§ **YOUR OBJECTIVE**: Please repeat the whole listing exactly, but leave out any picture it holds.

(THE DATA)

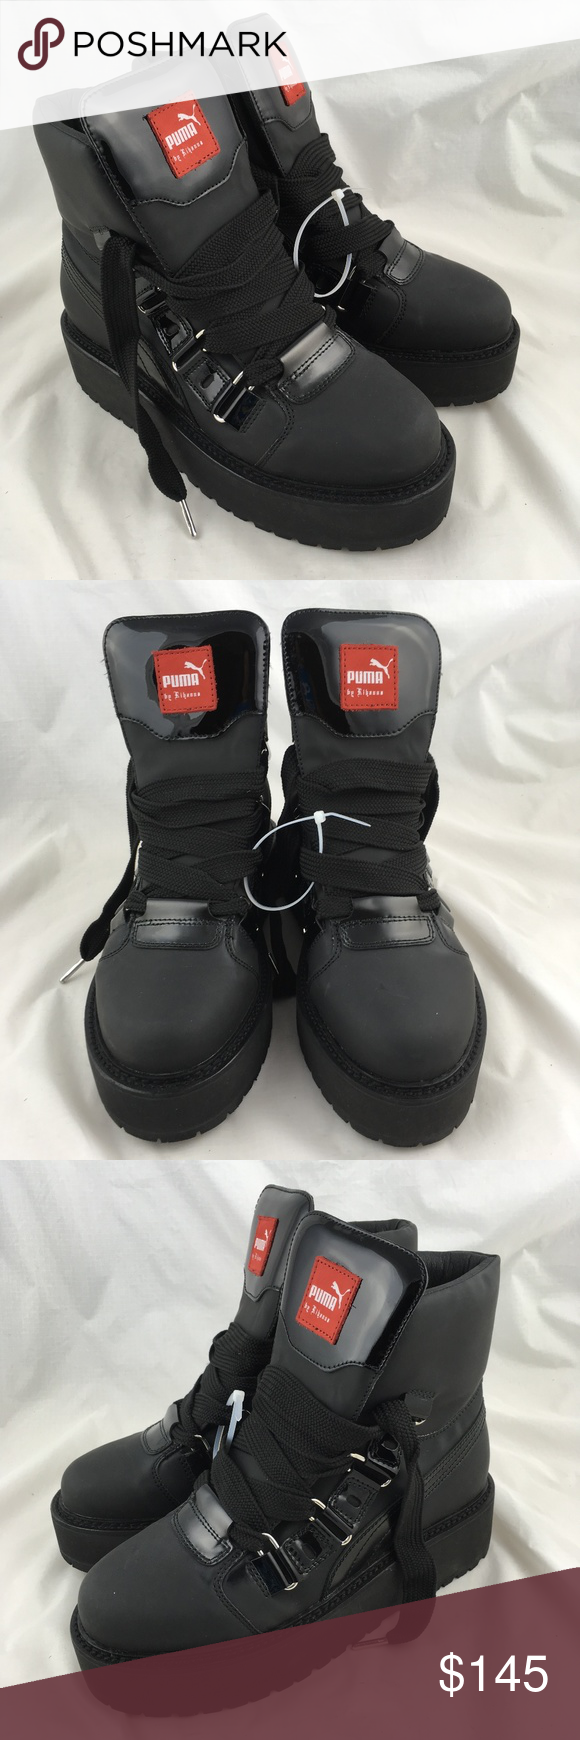 6efc5afd89e Fenty Puma sneaker boots black platform shoes NWOB Fenty PUMA by Rihanna  unisex Sneaker Boots
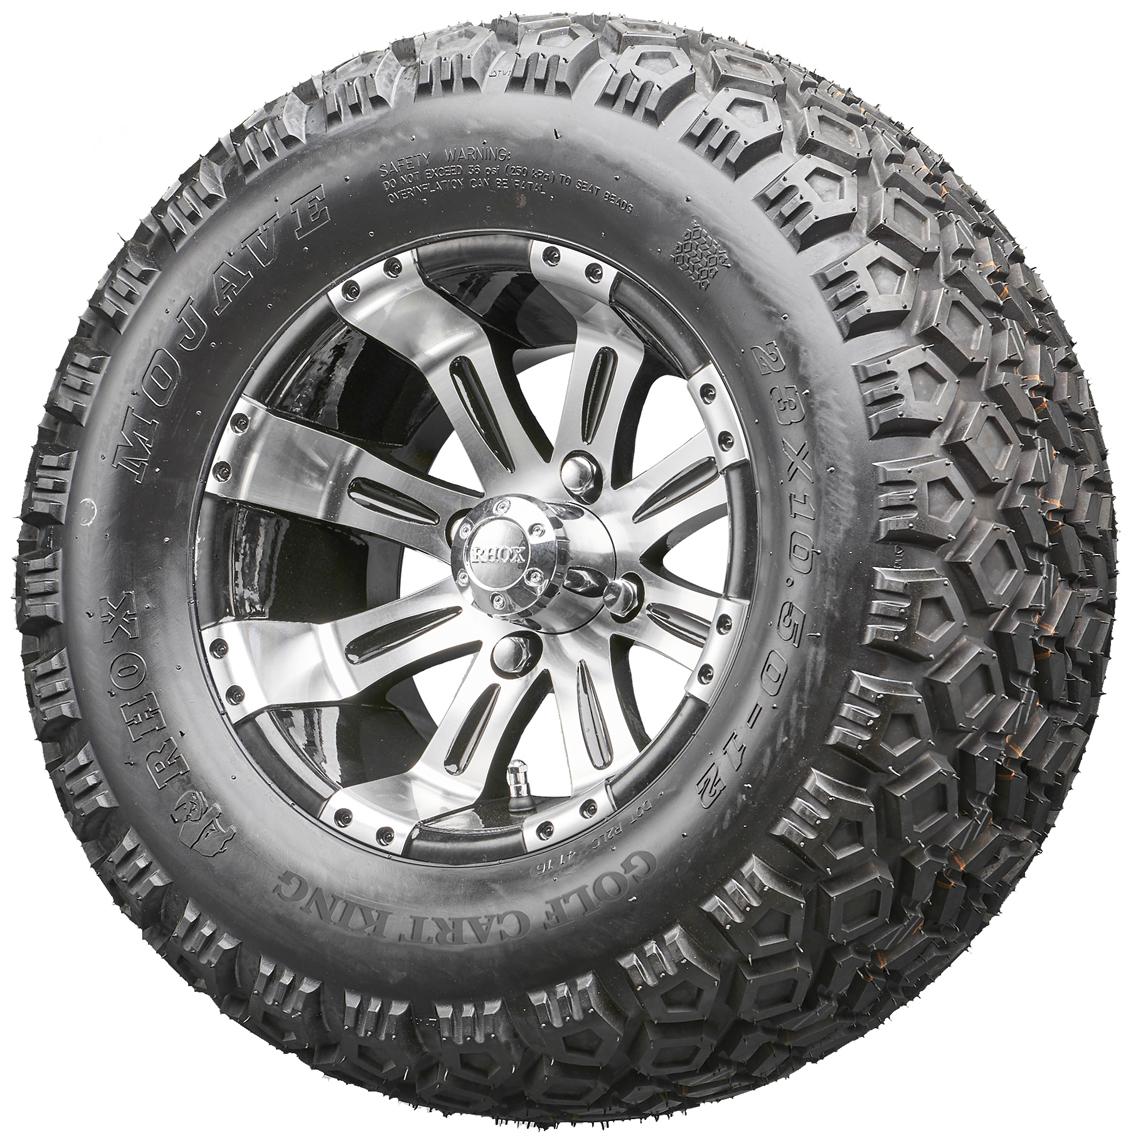 d0cf4e466a3 Golf Cart Wheels and Tires - RHOX RX180 Machined 12
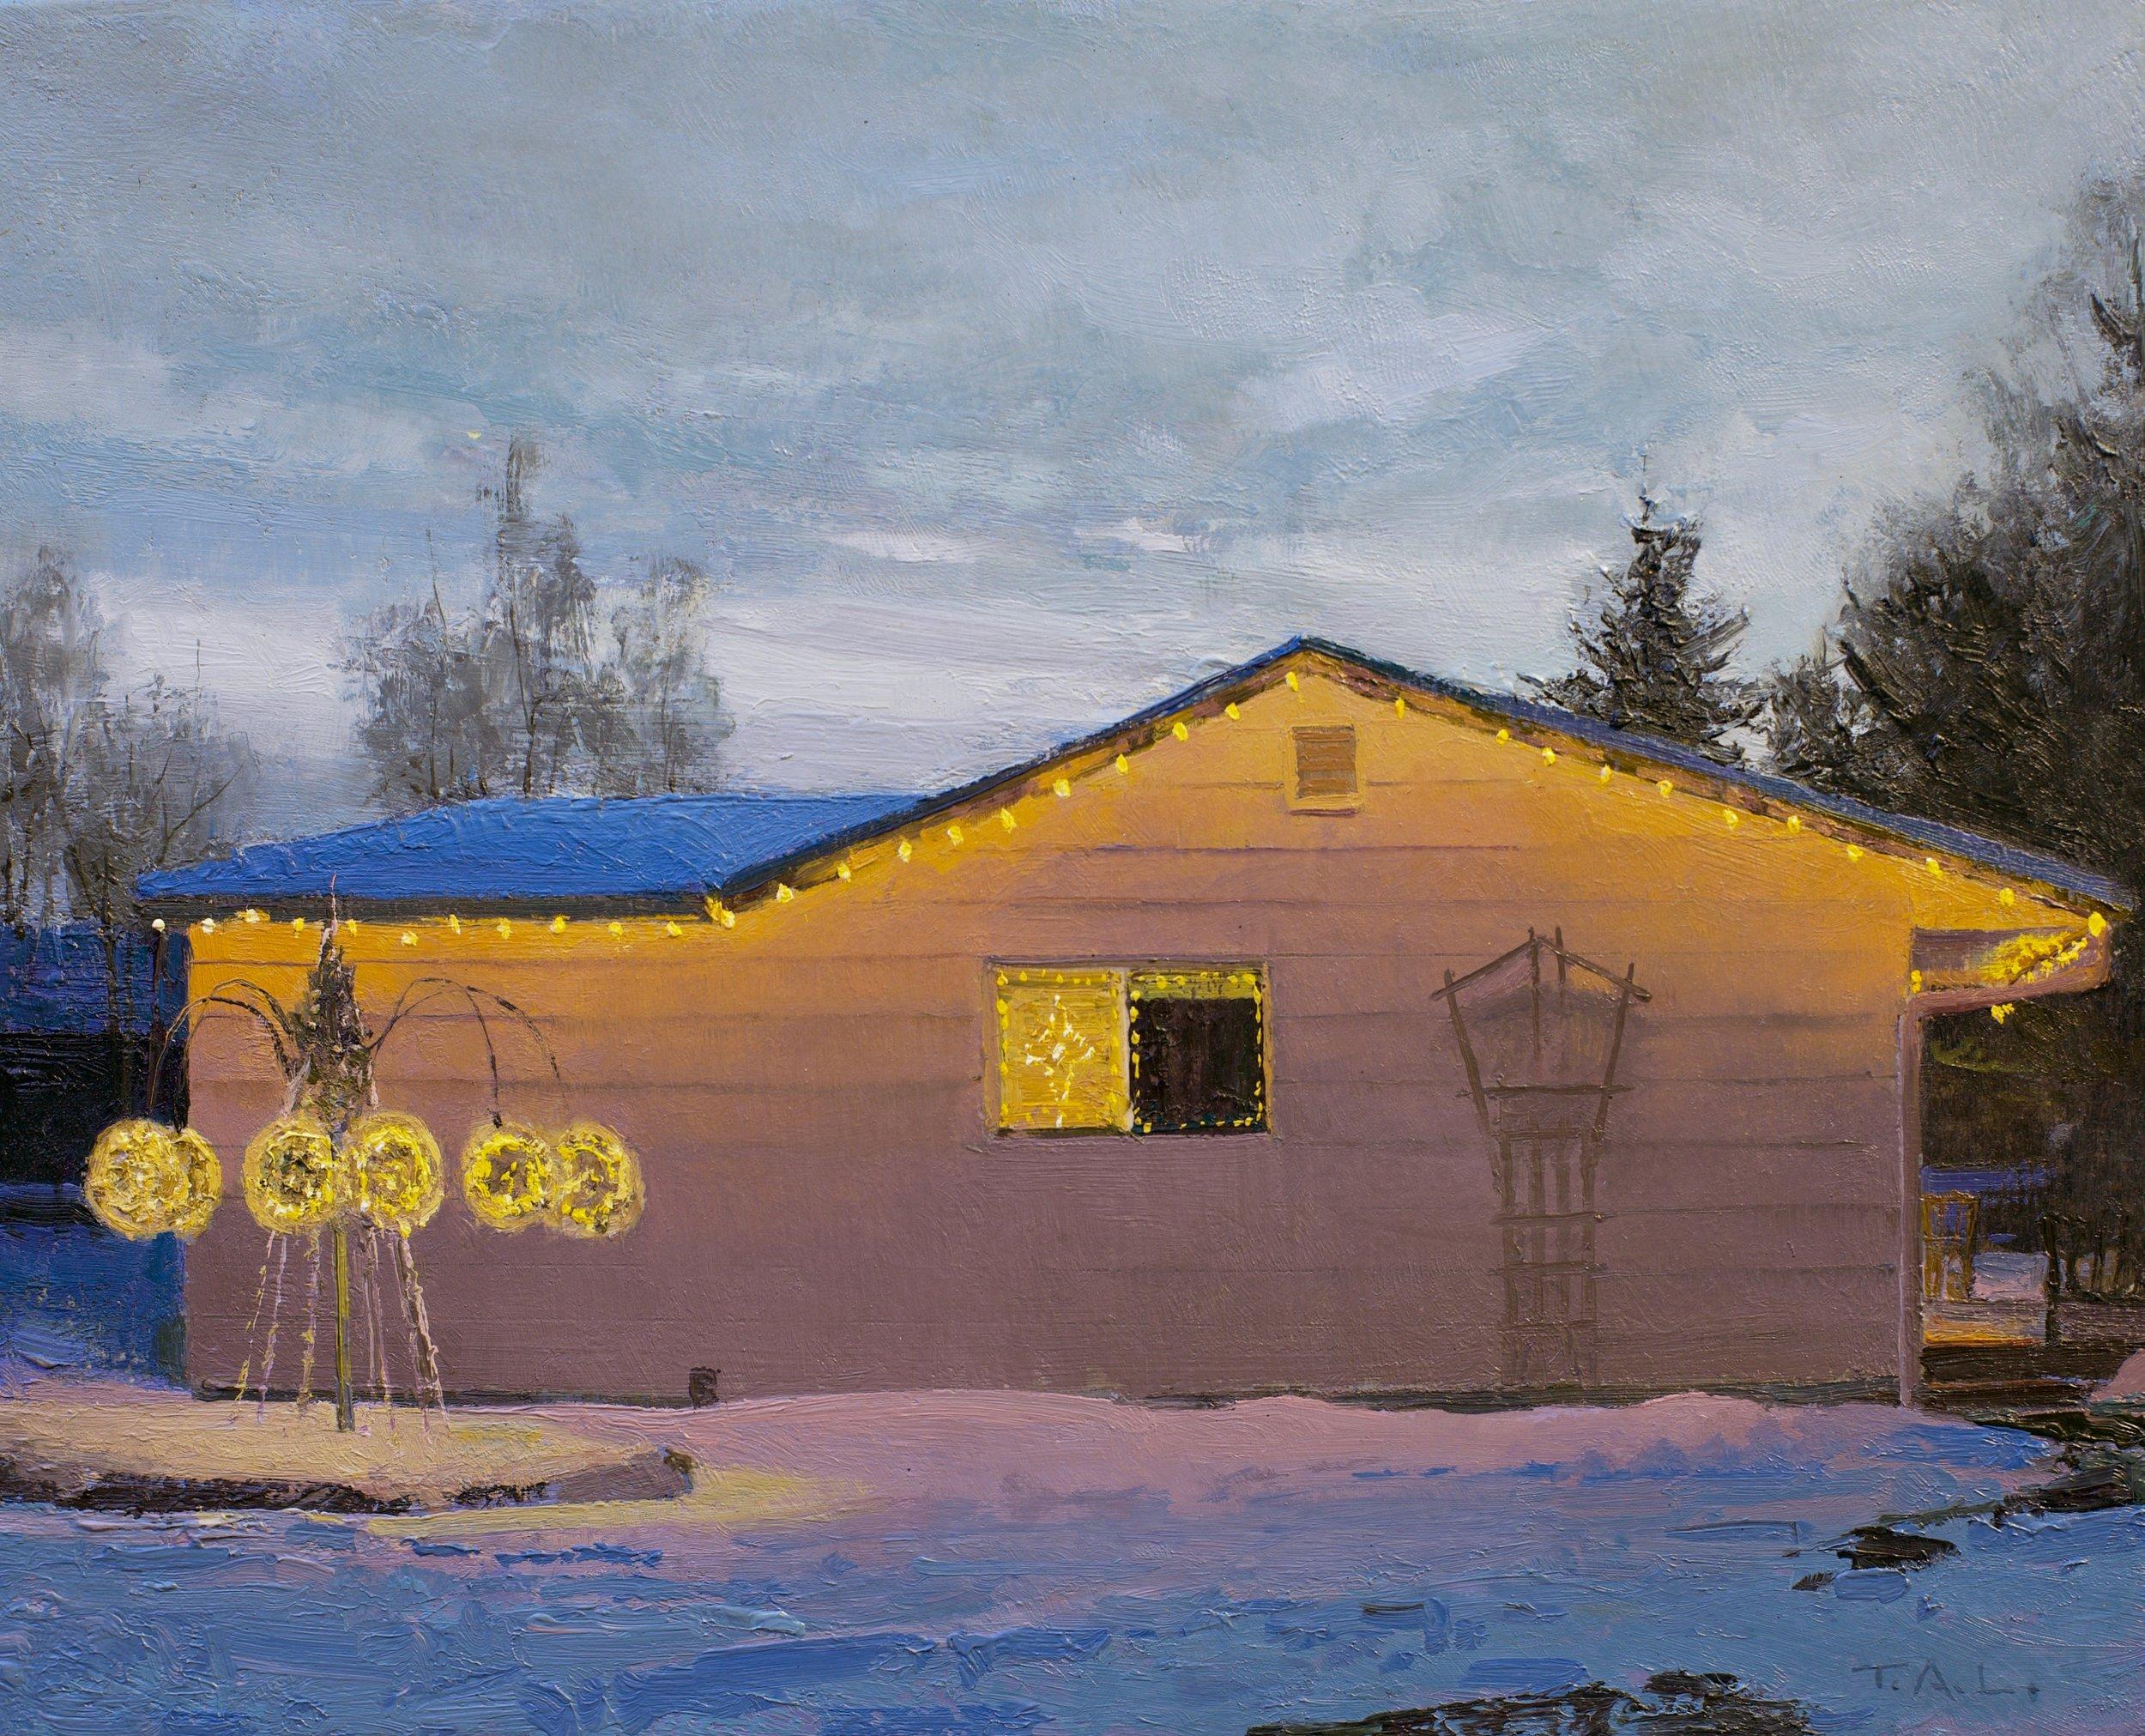 Winter Solstice, oil on panel, 8.5 x 10.5 in.
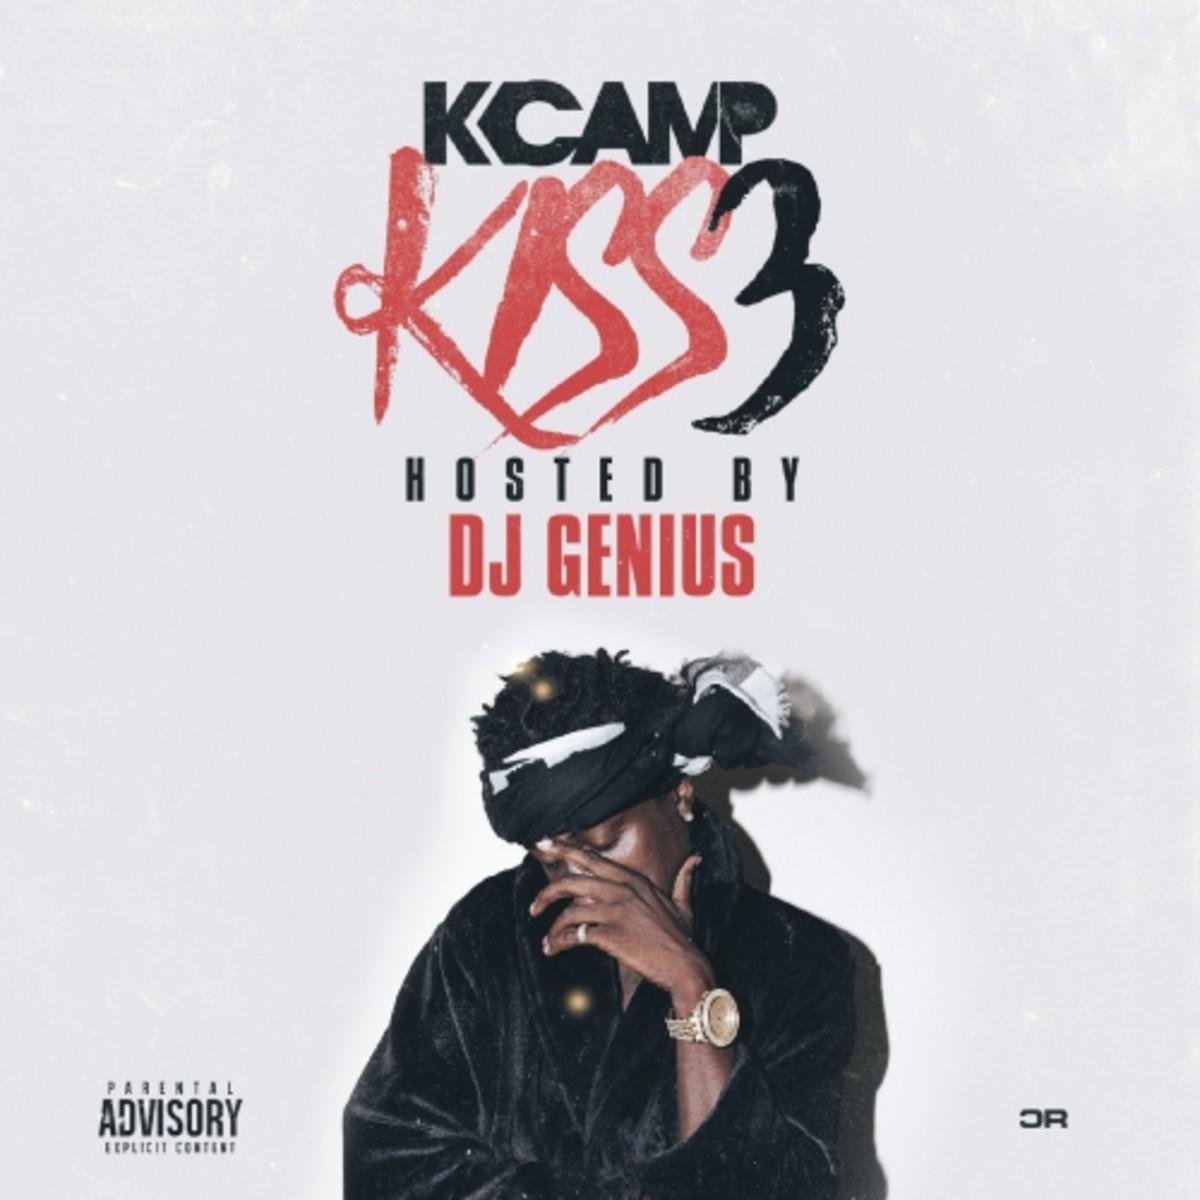 k-camp-kiss-3.jpg

(End THE DATA)

§ **TASK SOLUTION**:
 6efc5afd89e Fenty Puma sneaker boots black platform shoes NWOB Fenty PUMA by Rihanna  unisex Sneaker Boots
 d0cf4e466a3 Golf Cart Wheels and Tires - RHOX RX180 Machined 12
 Winter Solstice, oil on panel, 8.5 x 10.5 in.
 k-camp-kiss-3.jpg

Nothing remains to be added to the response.